On Mon, 2010-04-12 at 07:50 -0600, Ralph Castain wrote:
> Guess I'll jump in here as I finally had a few minutes to look at the code 
> and think about your original note. In fact, I believe your original 
> statement is the source of contention.
> 
> If someone tells us -bind-to-socket, but there is only one socket, then we 
> really cannot bind them to anything. Any check by their code would reveal 
> that they had not, in fact, been bound - raising questions as to whether or 
> not OMPI is performing the request.
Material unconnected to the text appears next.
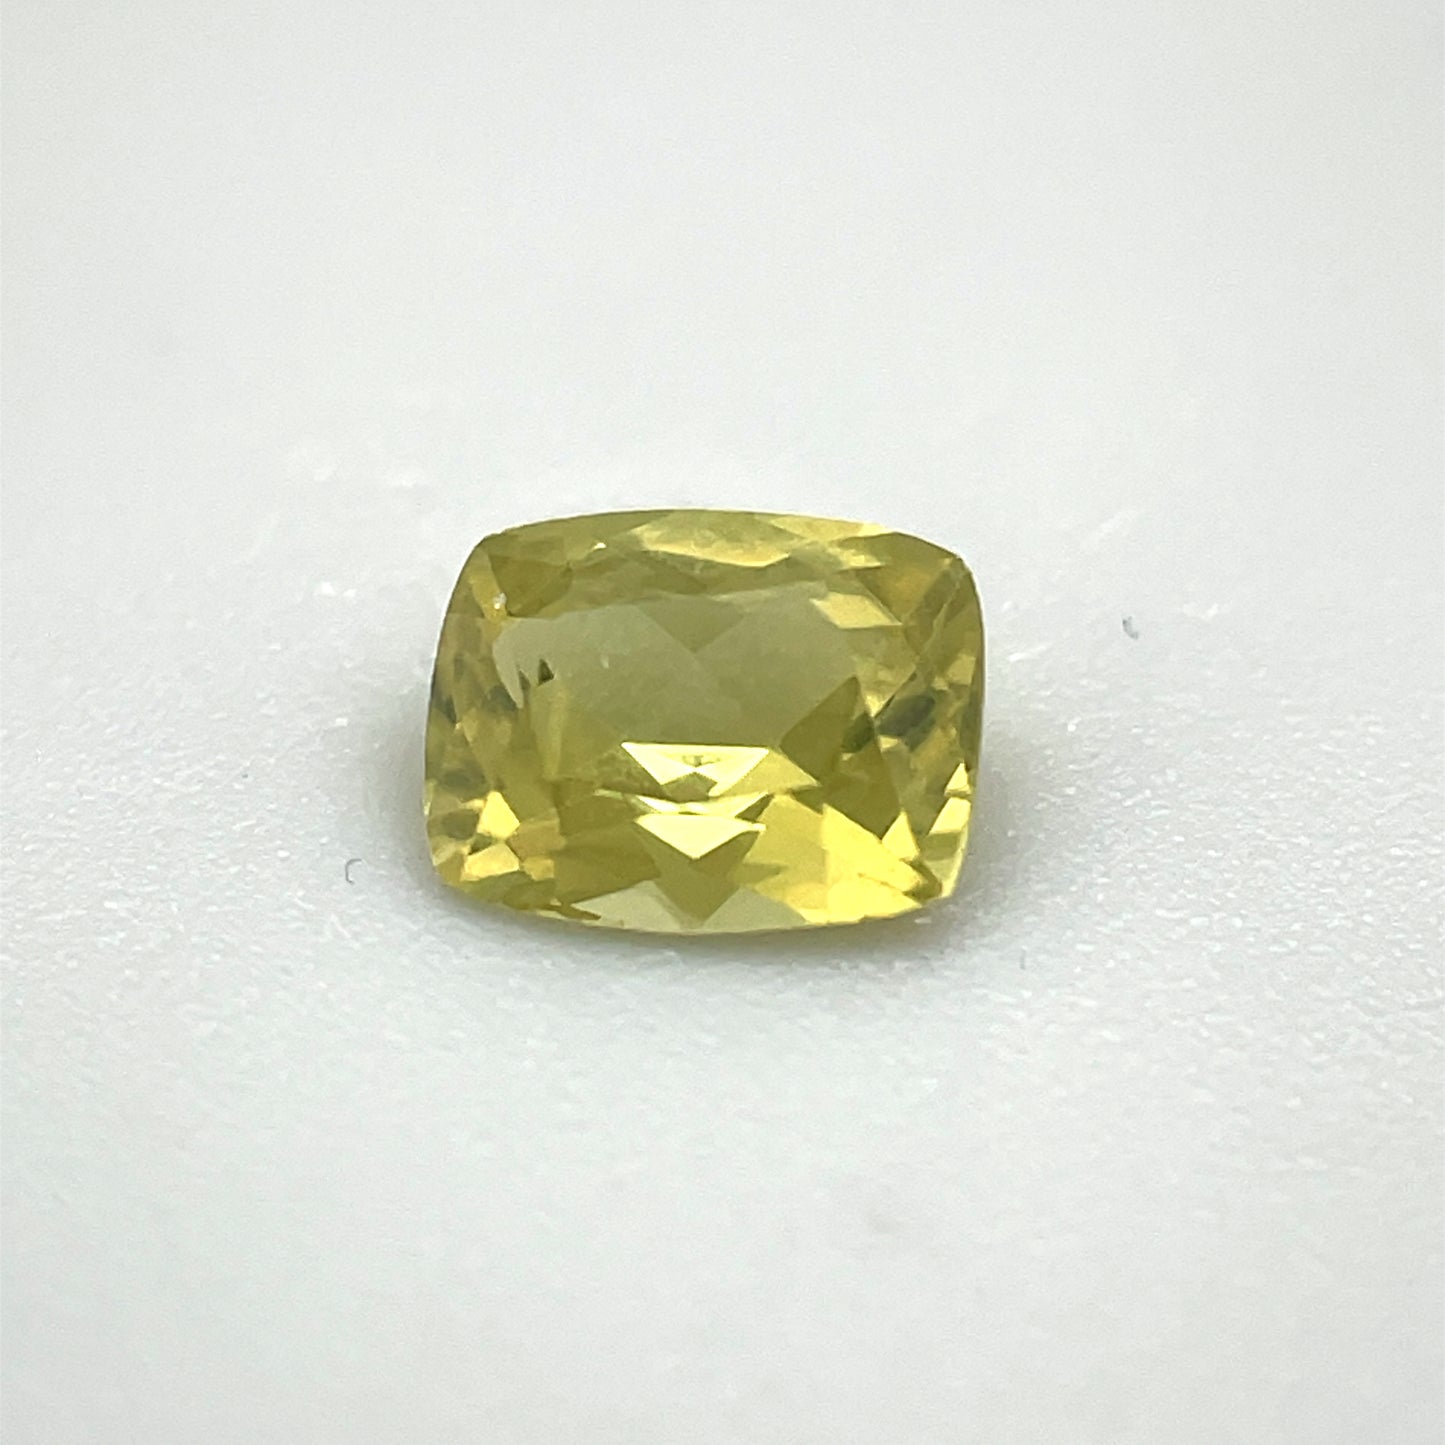 Saphir, Gelb, Kissen, 0,52 ct., 5,3x4,2x2,6 mm

Our operating standard has been to error 
> out if the user specifies something we cannot do to avoid that kind of 
> confusion. This is what generated the code in the system today.
> 
> Now I can see an argument that -bind-to-socket with one socket maybe 
> shouldn't generate an error, but that decision then has to get reflected in 
> other code areas as well.

Actually, that was my original point: -bind-to-socket on a single socket
should IMHO lead to a noop, but not an error.

> 
> As for the test you cite -  it actually performs a valuable function and was 
> added to catch specific scenarios. In particular, if you follow the code flow 
> up just a little, you will see that it is possible to complete the loop 
> without ever actually setting a bit in the mask. This happens when none of 
> the cpus in that socket have been assigned to us via an external bind.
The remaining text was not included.